-- WORK TO BE COMPLETED --
Pictures aside, repeat the whole listing word for word.

DATA SHOWN Start Marker

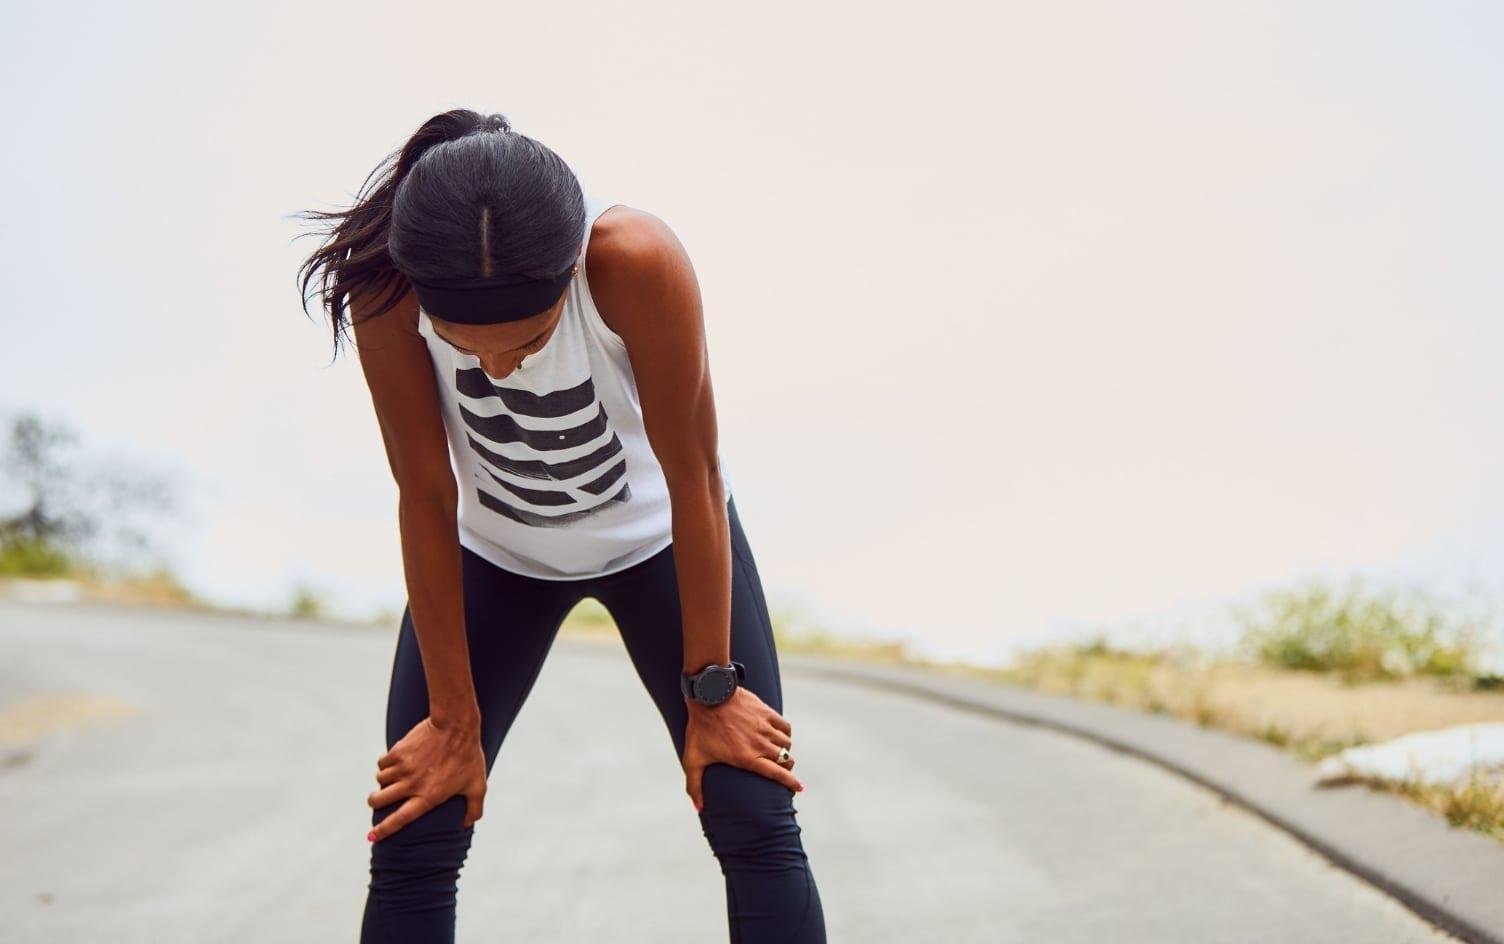 Efek Samping Jika Tubuh Berhenti Olahraga
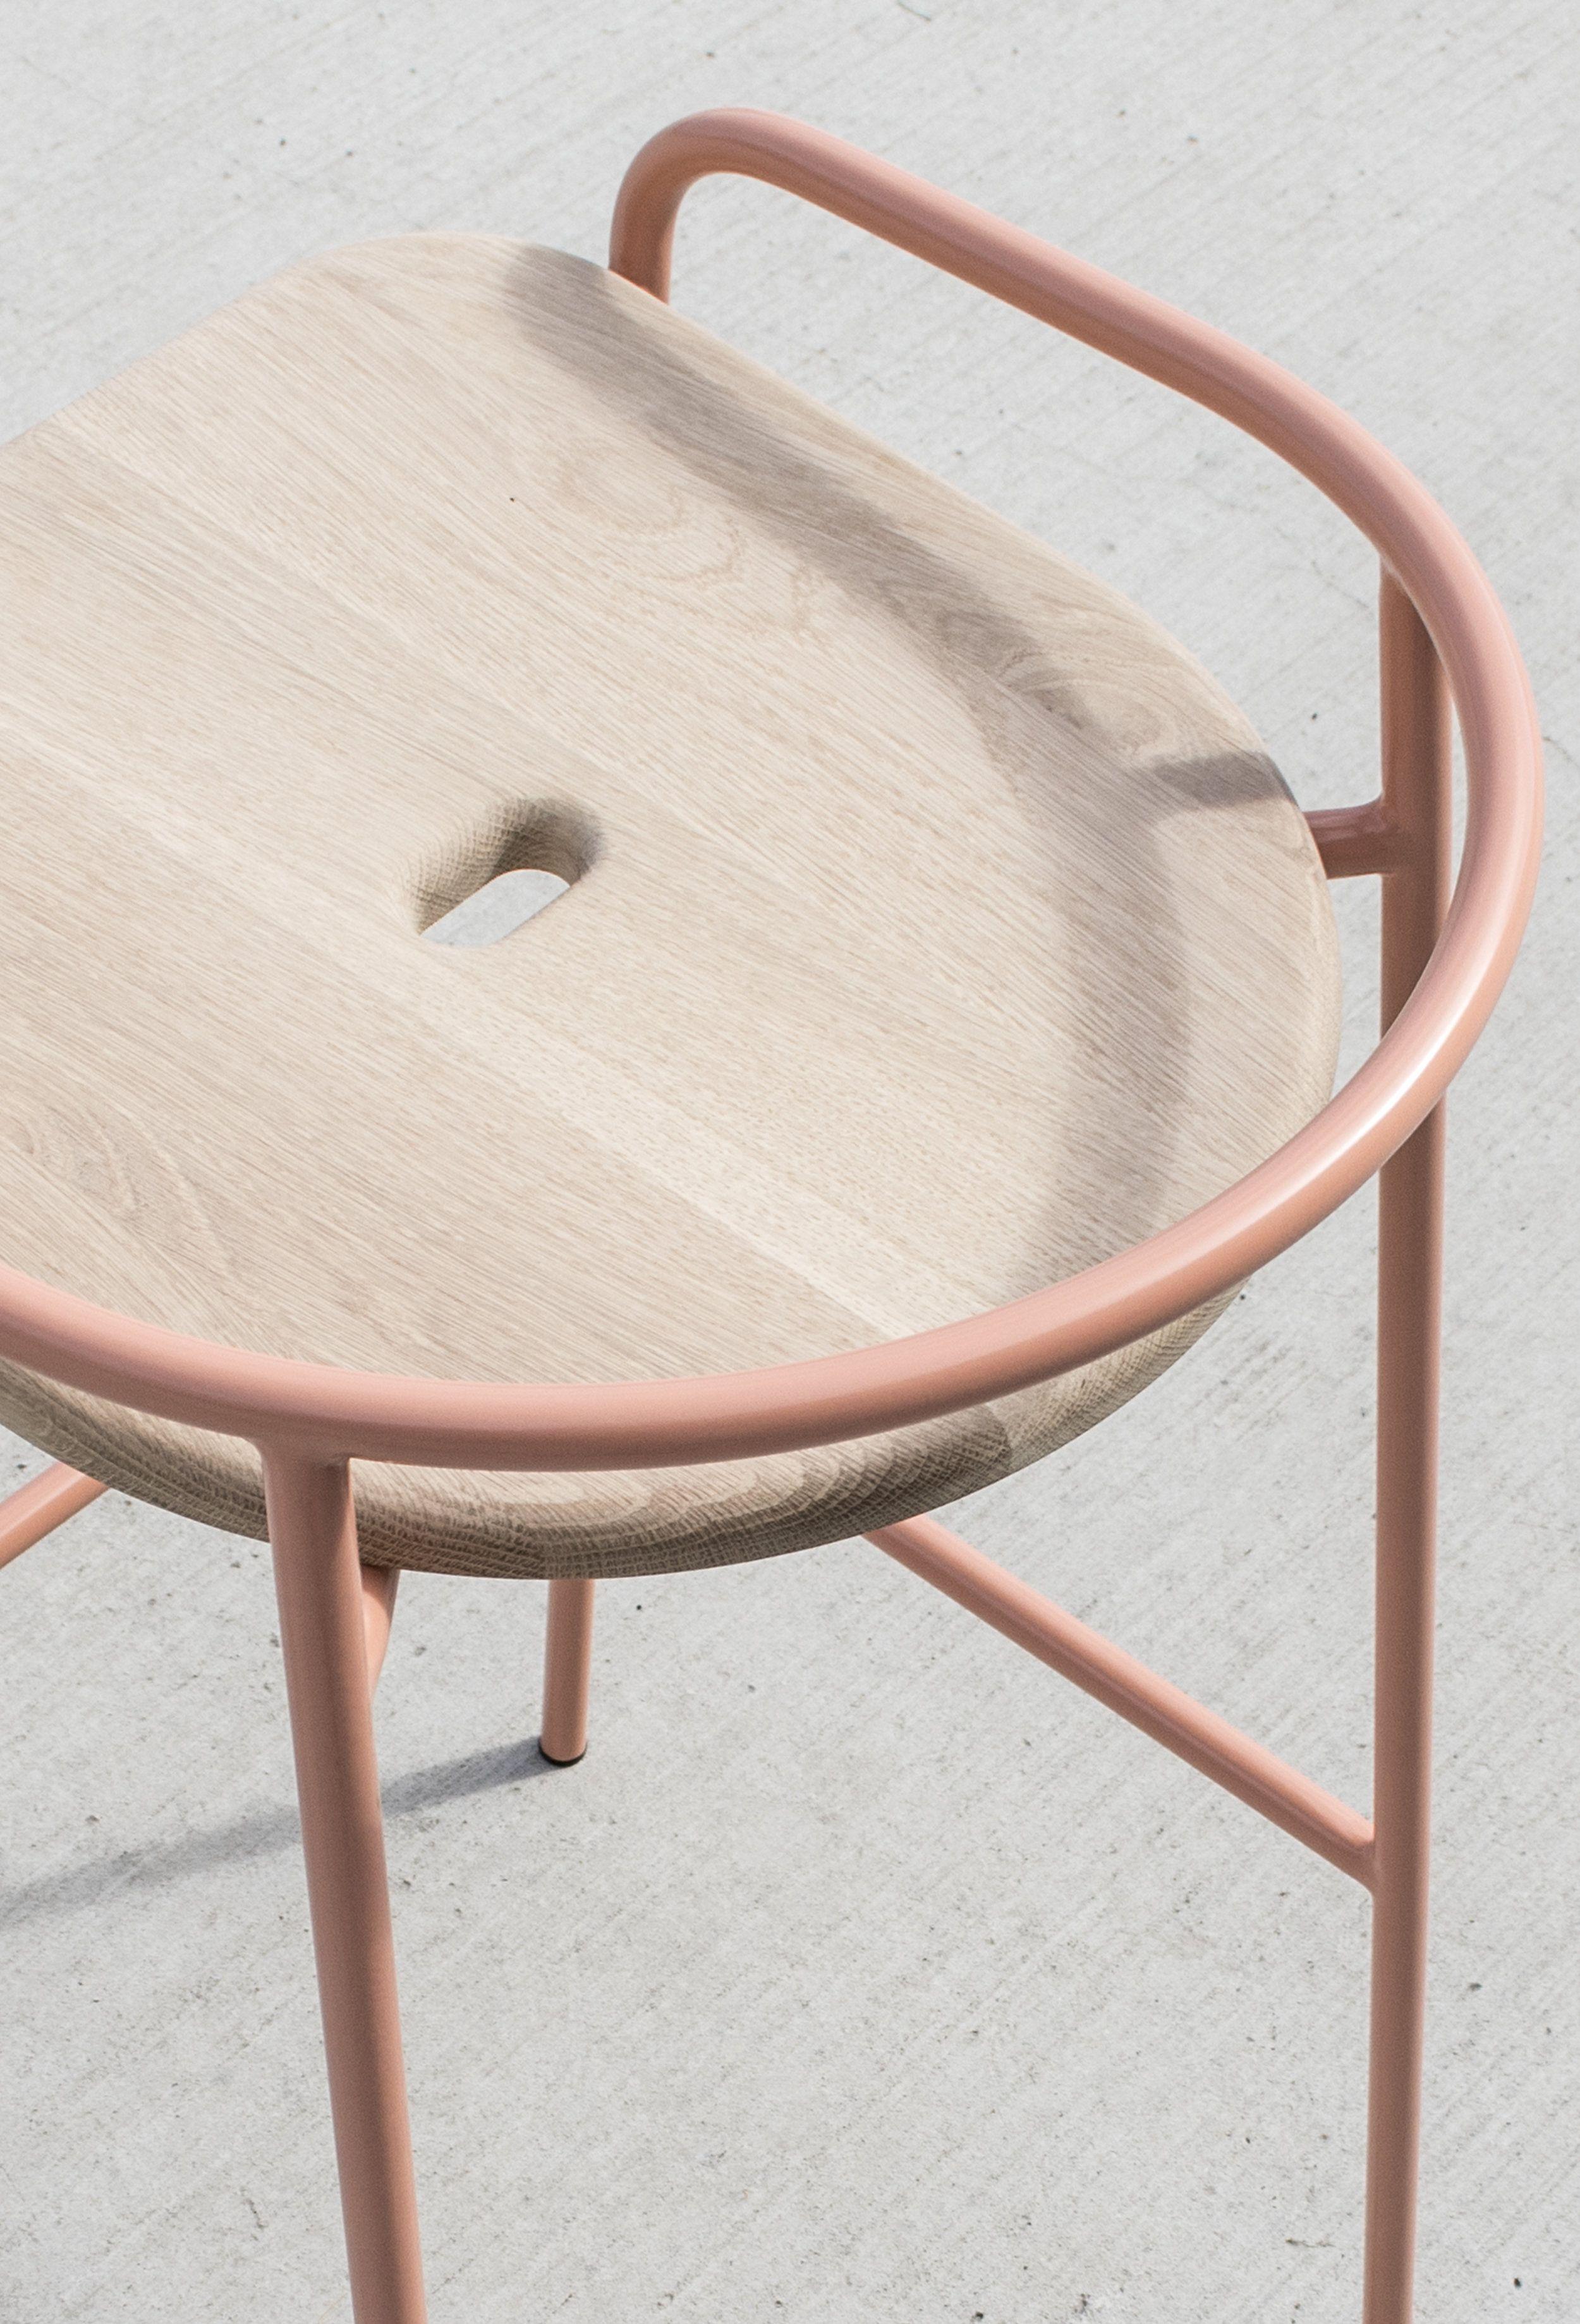 Bender Stool In 2019 Furniture Design Stool Furniture
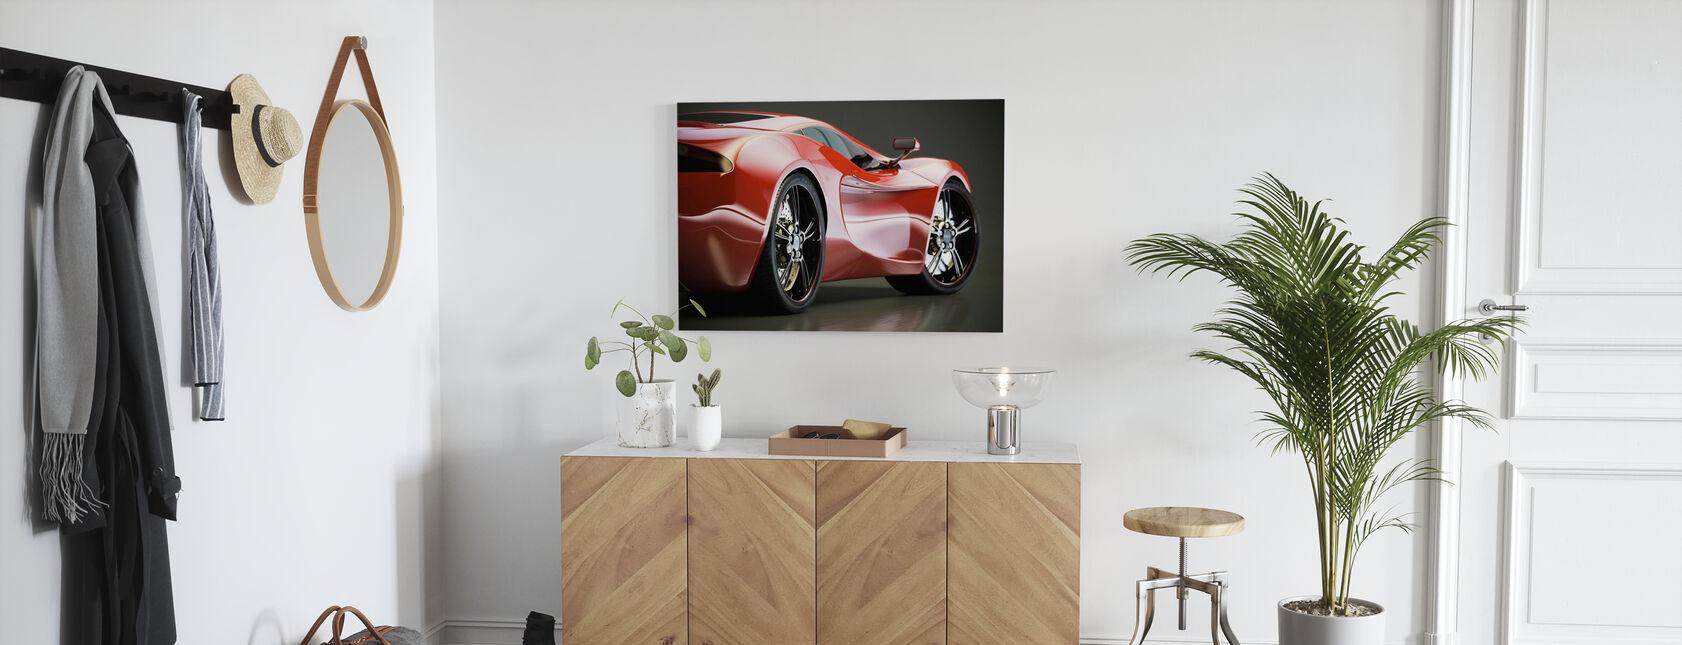 Sports Car - Canvas print - Hallway

DATA SHOWN End Marker

-- YOUR SOLUTION --
 Efek Samping Jika Tubuh Berhenti Olahraga
 Bender Stool In 2019 Furniture Design Stool Furniture
 Sports Car - Canvas print - Hallway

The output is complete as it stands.